They really didnt give us as much time as I would have liked on the inside. It cost me $5.00 to tour the aircraft for about 3 to 4 minutes. Which to me is really cheap for such a priceless artifact. All money goes to keeping the bomber flying and touring. Lots and lots of people where waiting in line. I think I waited at least a half an hour before I was able to get in. It was anouced at the airshow this year that the lancaster crew wants to come back in 2007 so will wait and see. If it does I will tour the aircraft again.

Ive been lucky to tour the following aircraft

B-17 Aluminum Cloud
B-17 Thunder bird
B-25 Pacific Prawler
B-25 Eaa
Ju-52 Commerative Airforce
B-24 Dimond Lil
SBD Dougles Dauntless

All the aircraft tours cost me between 3 to 5 dollars which to me is cheap.
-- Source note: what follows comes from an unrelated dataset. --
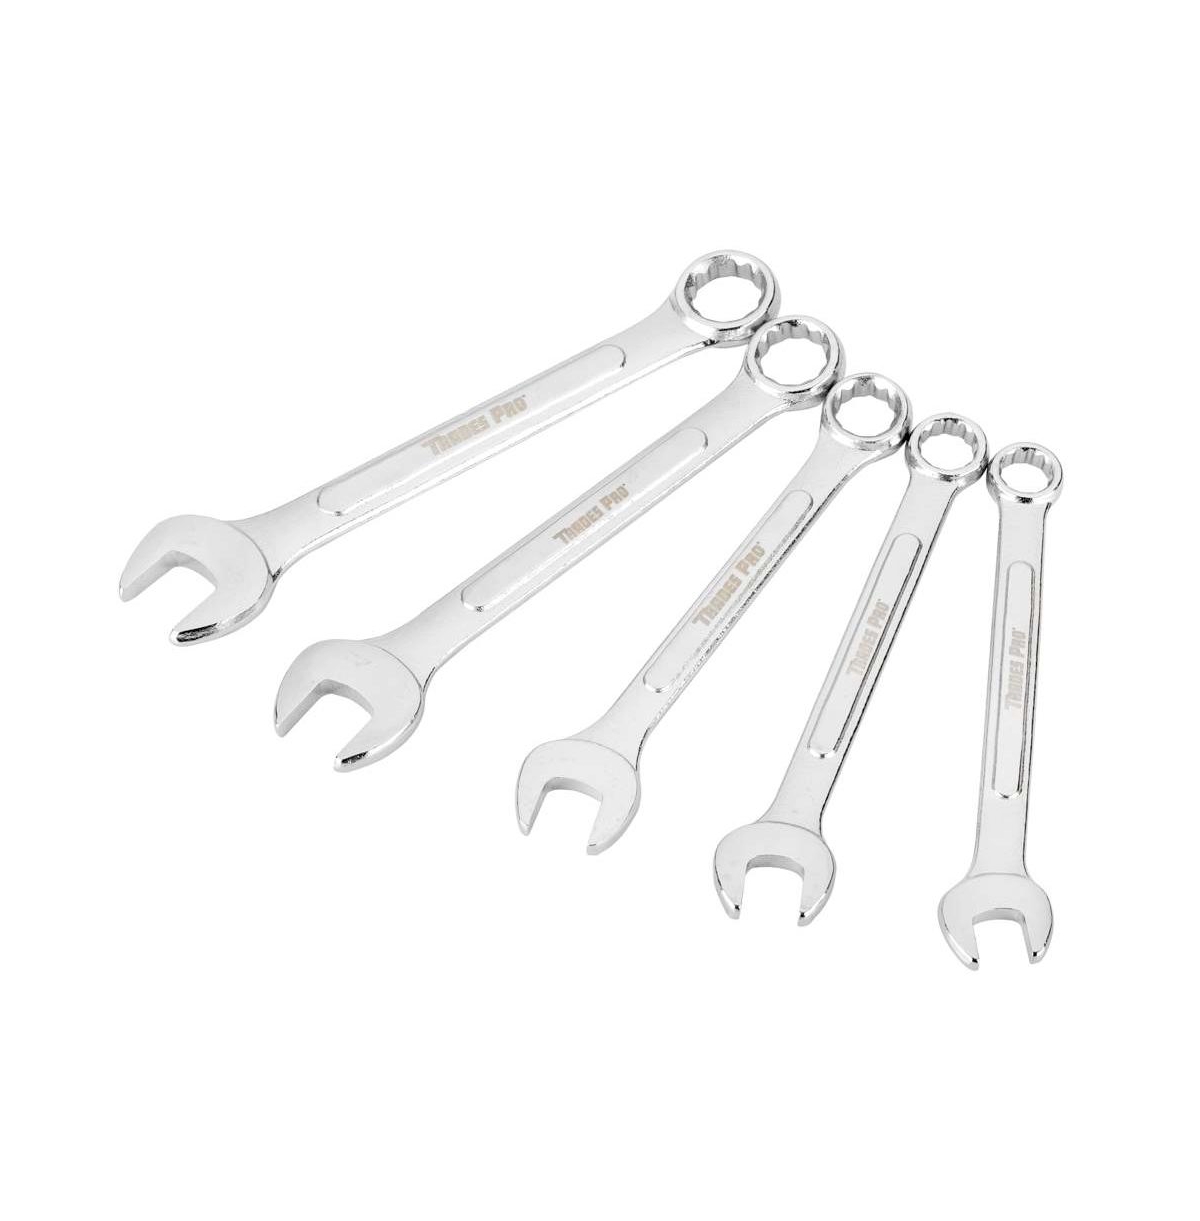 5 Piece Sae Combination Wrenches - Silver

If you really want to be in a tight aircraft then try a B-25. Just crawling through the tunnel to the nose is a challenge especially for us tall people. Then to get into the tail of the aircraft you have to climb over the bomb bay.

Hopefully this answer's you question. Its just awstruck to be able to tour aircraft of any type and it does make you think of all the people that died on both sides just that we can be free. 

Micdrow


----------



## Micdrow (Sep 13, 2006)

Here are a couple of more pictures of the inside of the lancaster and you can see what I mean about room

Enjoy Micdrow


----------



## the lancaster kicks ass (Sep 14, 2006)

dang, i wish i was on the desktop now  it probably wont come as any supprise to you to hear that i have a picture of the navigator's table for you, plus pictures of pretty much anything else you could want  so maybe tomorrow, but it's nice to see the inside of the canuck lanc again last time i saw a pic she was in her yellow primer before annother coat of paint inside..............


----------